The committee chairman says he wants a highway bill on the House floor by August.

U.S. Rep. Bill Shuster (R-Pa.), chair of the House Transportation and Infrastructure Committee, said Tuesday he wants a new highway bill on the floor of the House by August.

Shuster's comments came during a Tuesday morning hearing of the committee that focused on reauthorization of the federal highway bill that expires this September.

Tuesday's meeting was the committee's first public hearing to address the legislation to MAP-21, the current highway legislation, which was passed in 2012.

"By passing the next surface transportation bill, we can ensure Americans quality of life and facilitate economic growth for years to come," Shuster said in his prepared remarks.


The discussion about the timeline for the next highway bill is an important one, given how long it took for Congress to enact MAP-21. Before Congress passed that legislation in June 2012, it went two-and-a-half years without a permanent highway bill, and it passed nine short-term, temporary highway bills.


The situation frustrated state and local leaders, who said without knowing exactly how much money they could count on in the long-term, it was difficult to plan big construction projects that require years of financial obligations.

"We need certainty," Oklahoma Gov. Mary Fallin testified. "We need certainty. When there's no permanency, no long-term vision for funding our nation's infrastructure... that affects our state."

Atlanta Mayor Kasim Reed echoed those sentiments. "We're taking on projects that are multi-year projects," Reed says. "It helps us when we know what's going to be available -- good, bad or indifferent."

But federal lawmakers face a serious challenge in figuring out how, exactly, to pay for federal highway and transit programs in the long-term. Several federal estimates indicate that the Highway Trust Fund won't be able to meet its obligations come 2015.
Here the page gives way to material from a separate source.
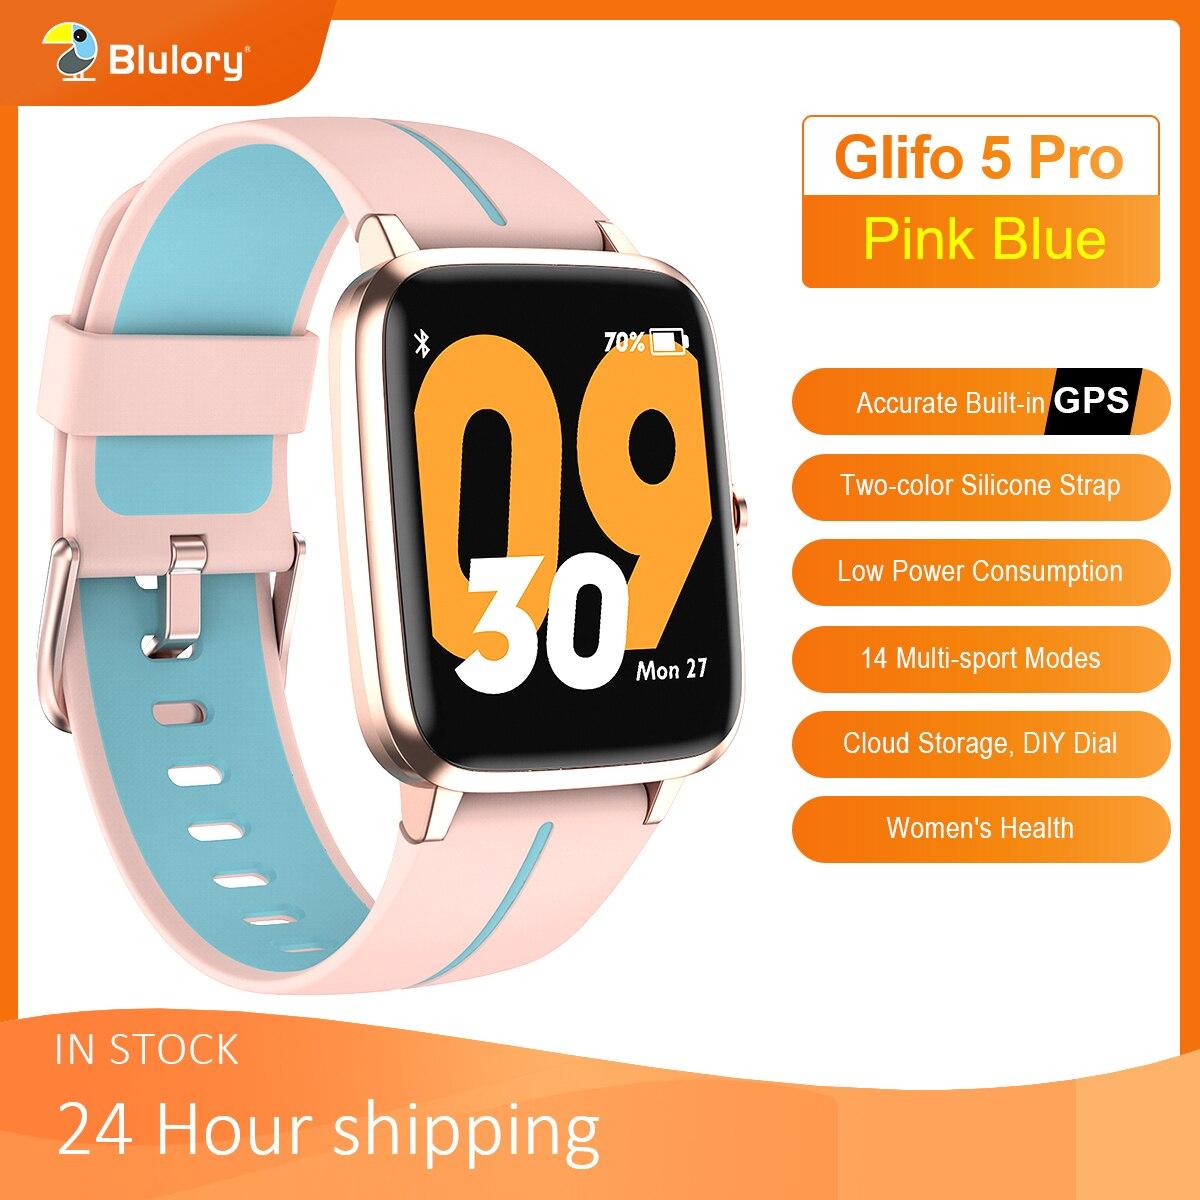 Смарт-часы Blulory Glifo 5 Pro, GPS, Bluetooth, пульсометр

Yet federal lawmakers have historically little appetite for increasing 18.4 cent-per-gallon federal gas tax, a main source of transportation funding that has remained unchanged for 20 years.

The Congressional Budget Office says that bringing the trust fund back into the black would require cutting federal transportation spending from $51 billion to $4 billion, raising the gas tax by 10 cents or a combination of the two.

Congress could also simply bail out the fund with general fund revenue, a step it's taken often in recent years but would likely come with political challenges as well, given the anti-deficit climate in Congress.

Despite the funding question being a crucial one facing the committee, there was very little discussion of how, exactly, Congress could solve it.

Democrats on the committee rallied against recent proposals from some conservatives to "devolve" the federal transportation program to the states by reducing federal taxes for transportation while simultaneously transferring authority over highways and transit to states and giving them block grants to fund it.

Fallin said she did not favor that idea and said there's a key role for cities, states, and the federal government in setting transportation policy. 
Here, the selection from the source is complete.